John Pollard Seddon FRIBA (19 September 1827 – 1 February 1906) was a British architect, working largely on churches.

==Life==
His father was a cabinetmaker, and his brother, Thomas Seddon (1821–1856), was a landscape painter. Born in London, he was educated at Bedford School. He was later a pupil of Thomas Leverton Donaldson, though Donaldson was a classical architect and Seddon preferred the Gothic Revivalism of John Ruskin.

Between 1852 and 1863, Seddon formed a partnership with John Prichard. Many of their major commissions were church restoration works, most famously for Llandaff Cathedral. In 1871 he submitted a design in a competition for Holloway Sanatorium.

C. F. A. Voysey was articled as a pupil of Seddon in 1873. From 1884 to 1904 he was in partnership with John Coates Carter.

==Works==
In 1904 Seddon was Diocesan Architect for London and designed a gigantic Imperial Monumental Halls, with a tall tower, to be added to Westminster Abbey; it was intended to restore the dominance of the abbey over the surrounding crowd of towers and monuments. However, the cost of construction was prohibitive and it remained unbuilt.

Seddon designed a number of properties in Birchington-on-Sea, Kent, including Westcliff Bungalow, which was the final residence of Pre-Raphaelite poet and artist Dante Gabriel Rossetti. In 1892, Rossetti died there and the dwelling later became known as the Rossetti Bungalow. Despite protests by residents, in 1966 Margate Borough Council approved plans for it to be demolished and the site was re-developed.

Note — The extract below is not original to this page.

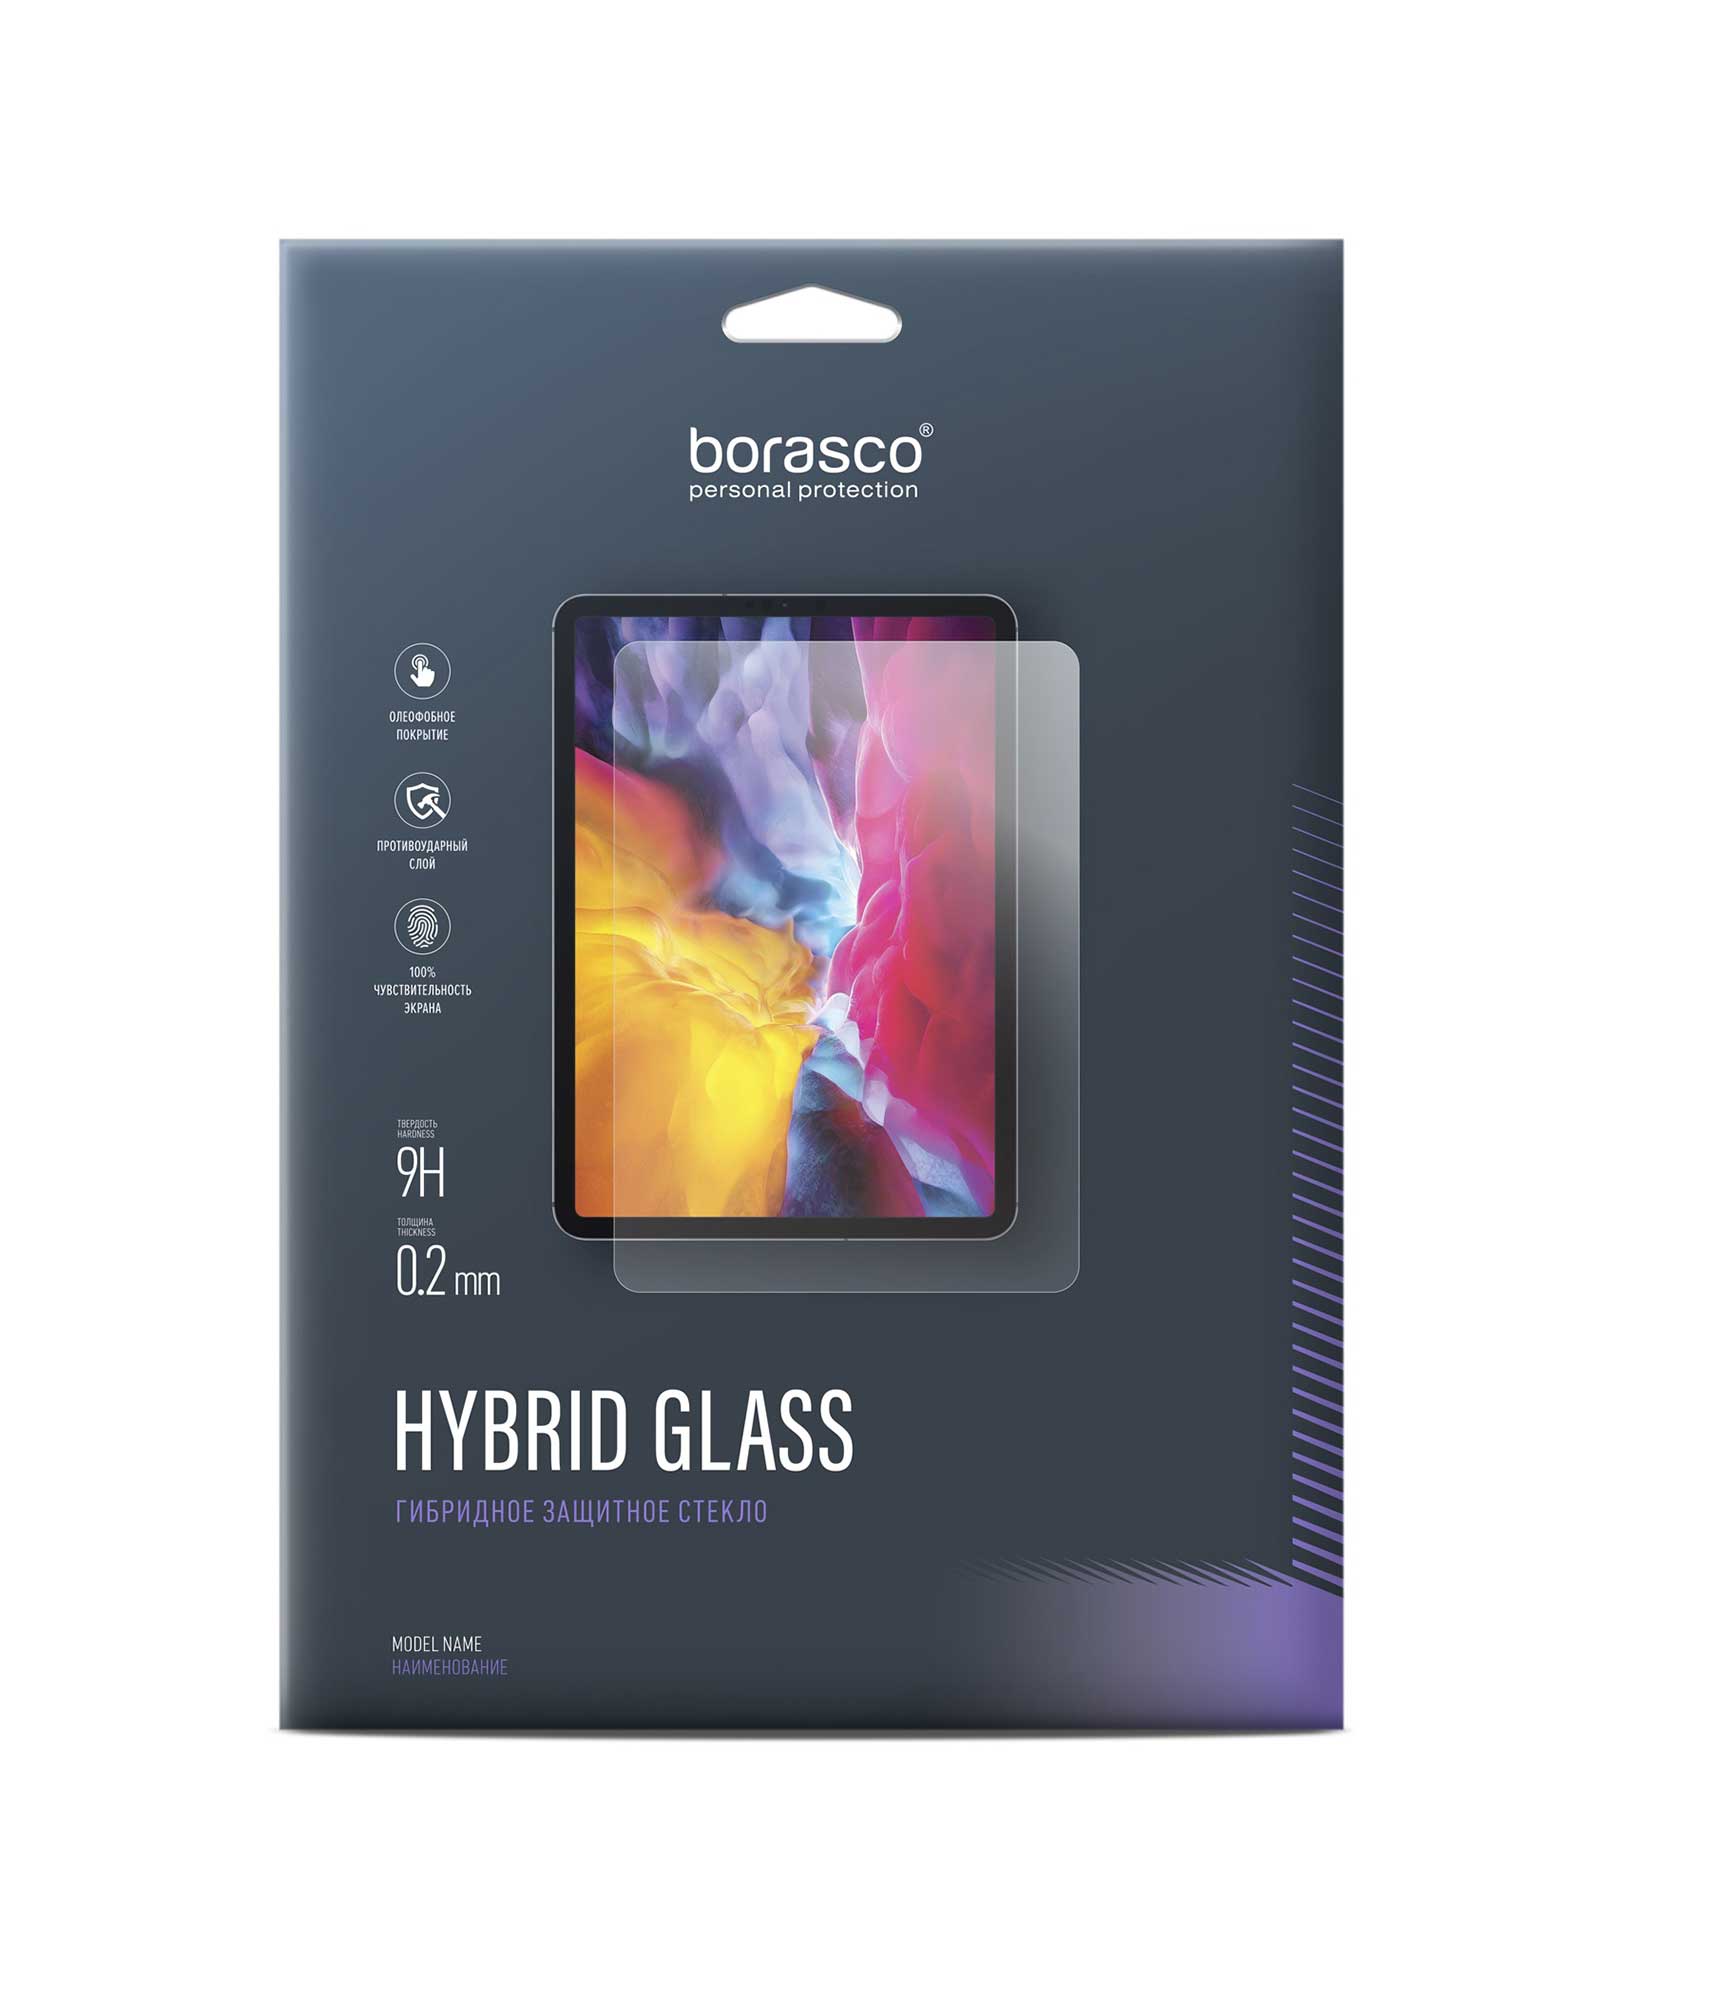 Защитное стекло BoraSCO Hybrid Glass для Huawei MediaPad T3 10 защитное стекло для планшета huawei mediapad t5 10 10 1 дюйма t3 m5 m6 t10 t8 2 шт

His other works include the University College of Wales building (the Old College) in Aberystwyth; St Peter's Church, Ayot St Peter, Hertfordshire; St Nicholas Church, Great Yarmouth; St Catherine's Church, Hoarwithy, Herefordshire; and, with Prichard, the Church of St John, Llandenny; the 1858–9 rebuild of St Mary's Church, Aberavon, and limited extensions to Dingestow Court, Monmouthshire, including the stables. He also designed All Saints' Church in Chigwell Row, Essex, built between 1865 and 1867; it was listed as Grade II in 2024. He was also a prolific designer of furniture, metalwork, stained glass, tiles and ceramics.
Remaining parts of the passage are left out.